The use of the modified Delphi technique for this study presents several strengths relative to other consensus methodologies such as Nominal Group Technique (NGT) and Q-methodology. Briefly, NGT is conducted face-to-face and involves five highly structured steps that aim to facilitate effective group decision-making in response to a question [41,42,43]. Q-methodology involves participants ranking a set of items relative to a defined outcome (e.g., importance of those items), employing inverted factor analyses to interpret participant item rankings, and subsequently ascribing qualitative meaning to the resultant factor structure [44, 45]. The modified Delphi technique was advantageous because each round of the study was conducted anonymously and independently online. This gave each participant equal opportunity to have input into the study and reduced the risk of response bias that can arise in group settings (e.g., herd mentality or groupthink) [46]. The online capability also minimised the impact of COVID-19 on the conduct of the study. Additionally, each round took place over a two-week period, giving participants the flexibility to choose when and where they participated. This is not an option in NGT, where participants are required to attend a face-to-face meeting [43]. Finally, calculating I-CVIs and S-CVIs is analytically simple, whereas the analysis employed in Q-methodology requires a working knowledge of factor analysis [44]. Thus, this method may not be as feasible to those who are new to instrument development and psychometric evaluation.
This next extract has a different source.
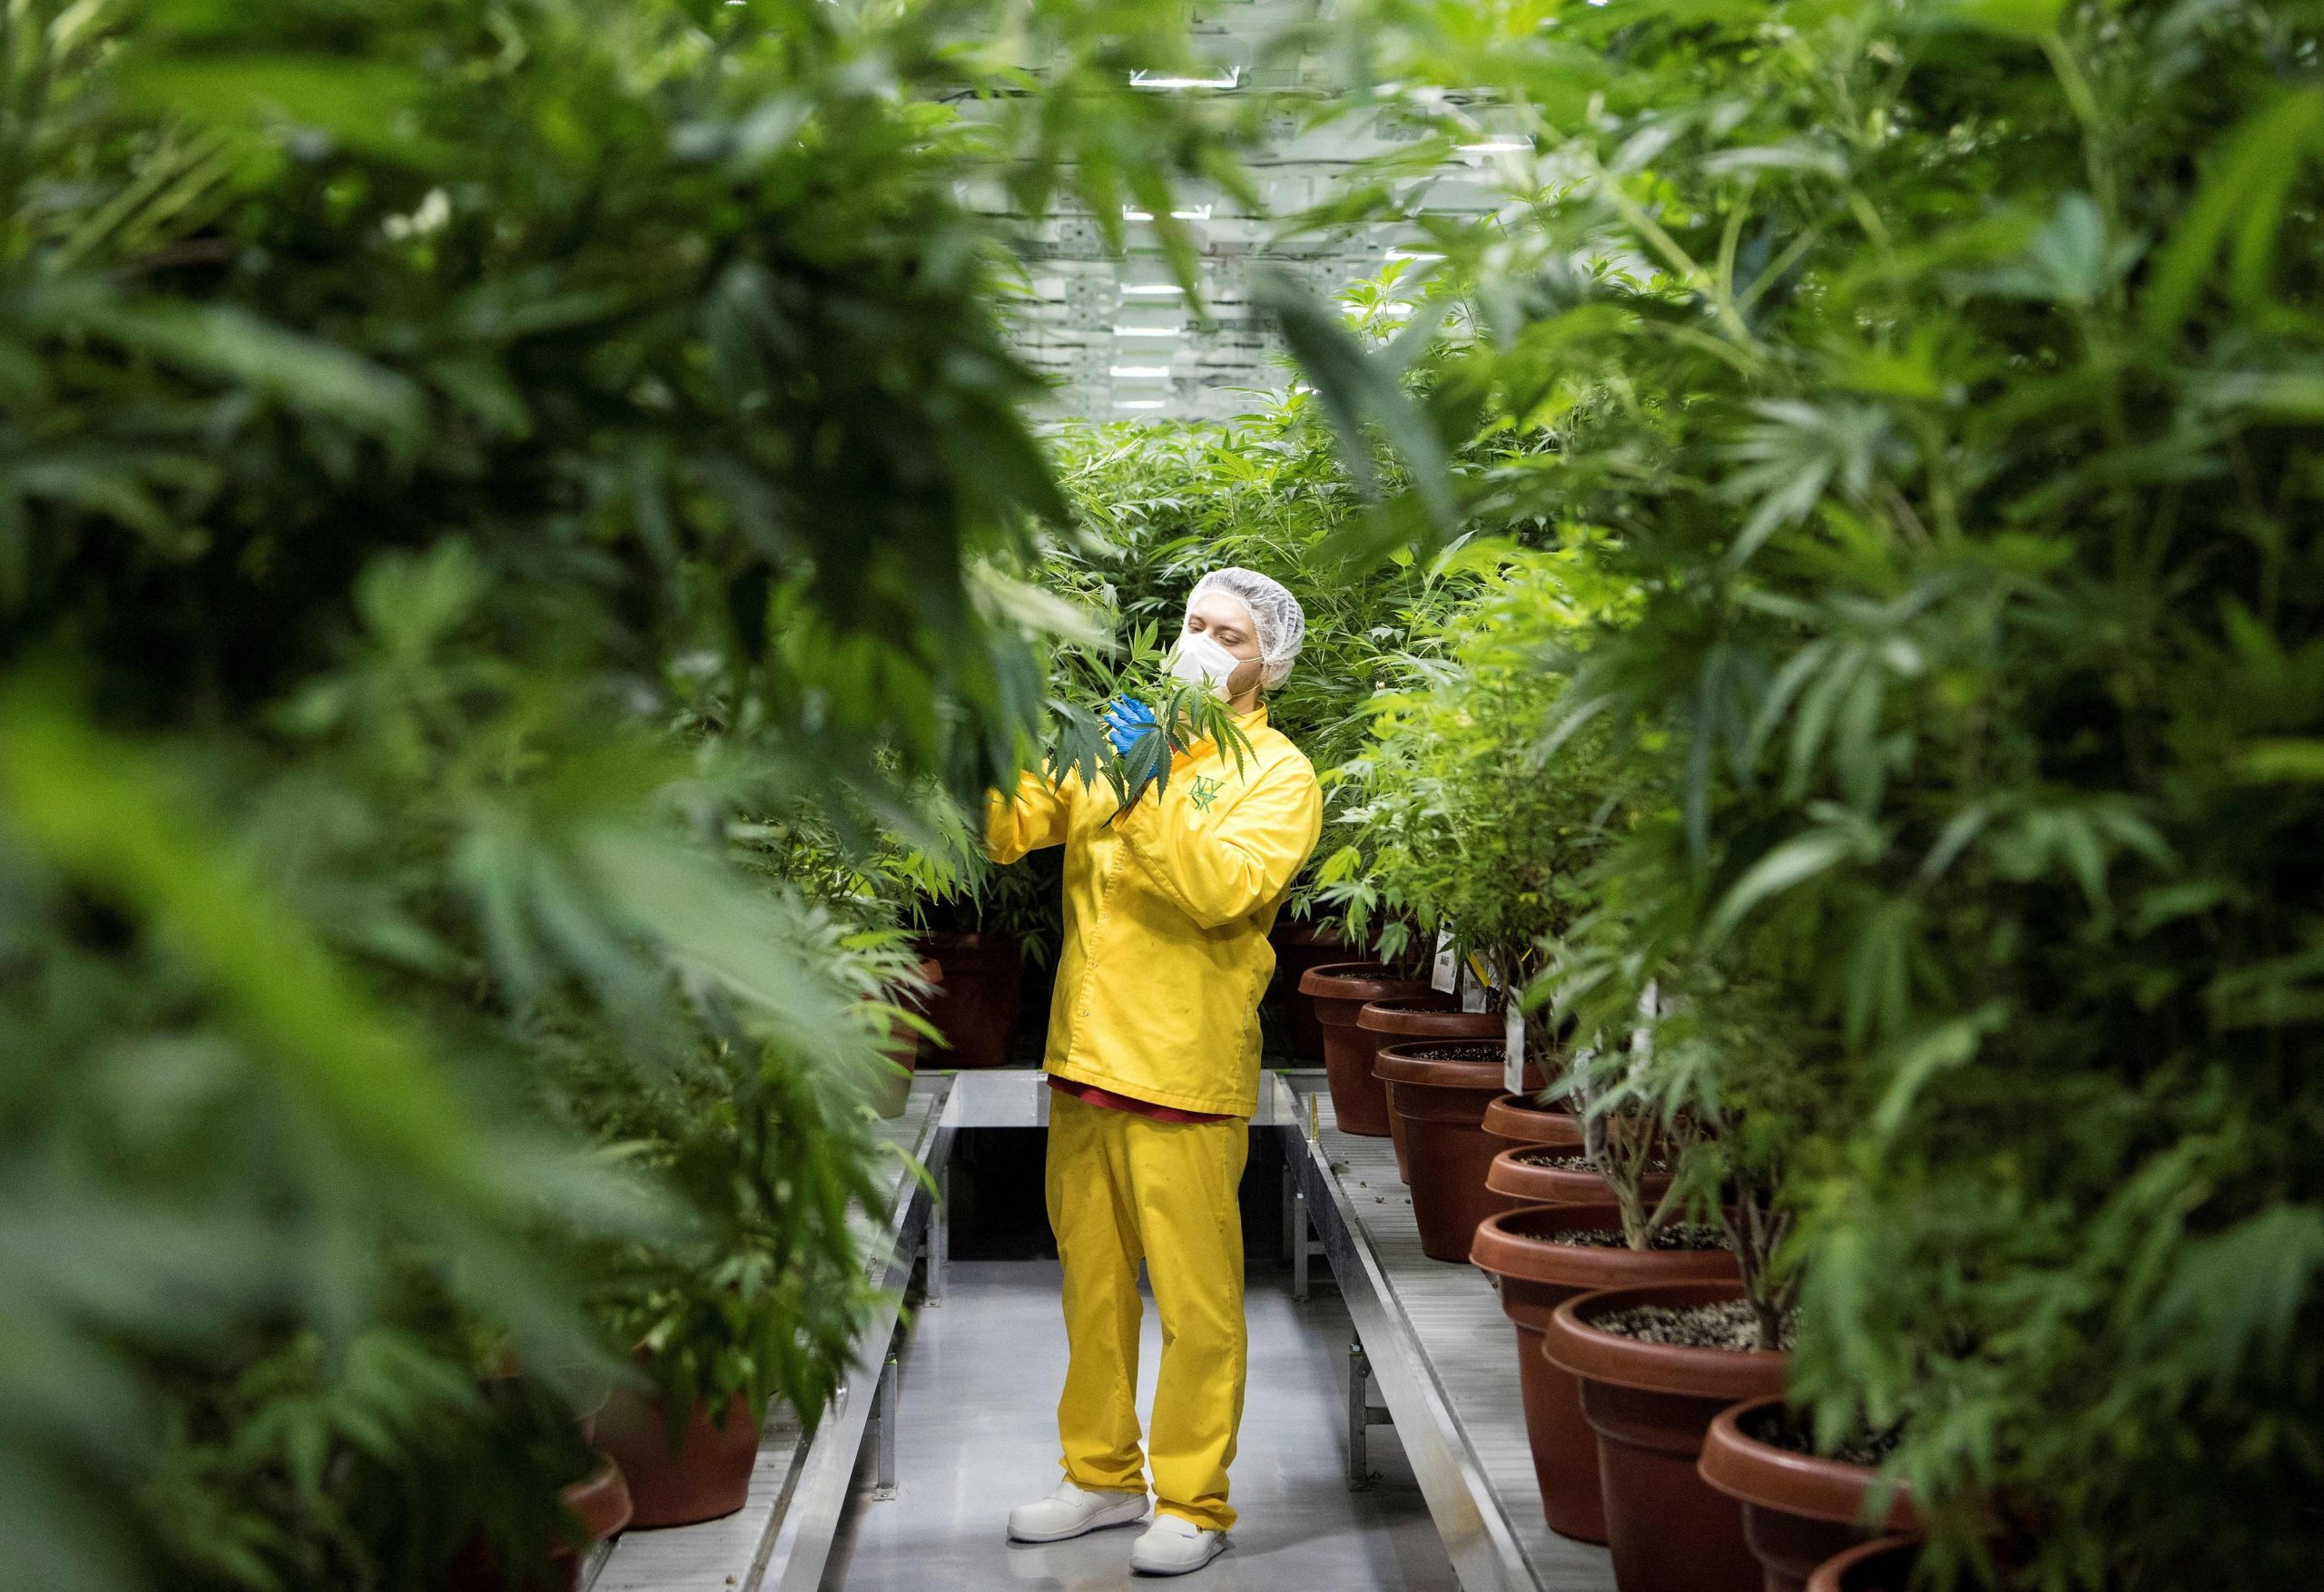 A worker inspects medicinal cannabis plants at a medical cannabis farm near Skopje, Macedonia. The country is trying to be a cannabis pioneer in Europe, with the government promising a public debate on legalising marijuana and turning the country into the Amsterdam of the Balkans

A key consideration of this study was striking a balance between adequately representing the concept of ED patient experience, and ensuring that the number of items presented to patient participants was not overly burdensome. It has been suggested that for instrument development, “the larger the item pool, the better” [47]. Yet, while there is no prescribed optimal number of survey items, instruments that are shorter in length tend to have a higher response rate, and lower proportion of missing data when administered on a large-scale [48]. Thus, the resultant information is of greater quality and more likely to be generalisable to the target population. Most ED PREMs are over 40 items long, with response rates ranging between 18 and 51% depending on the mode of administration [18, 49, 50]. Thus, reducing respondent burden is critical to minimising the impacts of response biases and improving the quality of participant data [51]. Future psychometric evaluation of the ED PREM will further contribute to item reduction [52]. Thus, while items examined in content validation studies need to be comprehensive, minimising conceptually redundant items is also important for reducing participant burden both during content validation and subsequent administrations of the instrument.

Limitations

A limitation of this study was that participants were only recruited from two EDs in Southeast Queensland. Additionally, females were over-represented, which does not reflect the reality that an equal distribution of women and men present to EDs in Australia [53]. Consequently, the ratings of clarity, relevance and importance for ED PREM items may not be representative of all Australian ED patient perspectives. However, the use of a maximum variation sampling frame aimed to minimise this by ensuring that individuals with wide-ranging demographic and clinical characteristics were involved in the study.

Conclusions

As patient experiences become increasingly integral to measuring value in healthcare across services and systems internationally, it is critical that the experiential attributes of healthcare captured by PREMs are meaningful to patients. Thus, examining PREM content validation in the eyes of patients is critical. We used a modified, online Delphi technique to demonstrate the content validity of a 35-item ED PREM that will now undergo further psychometric evaluation. This study can be used to inform content validation methods and procedures of other PREMs, and supports the need for PREM-specific guidance on content validation and psychometric evaluation more generally.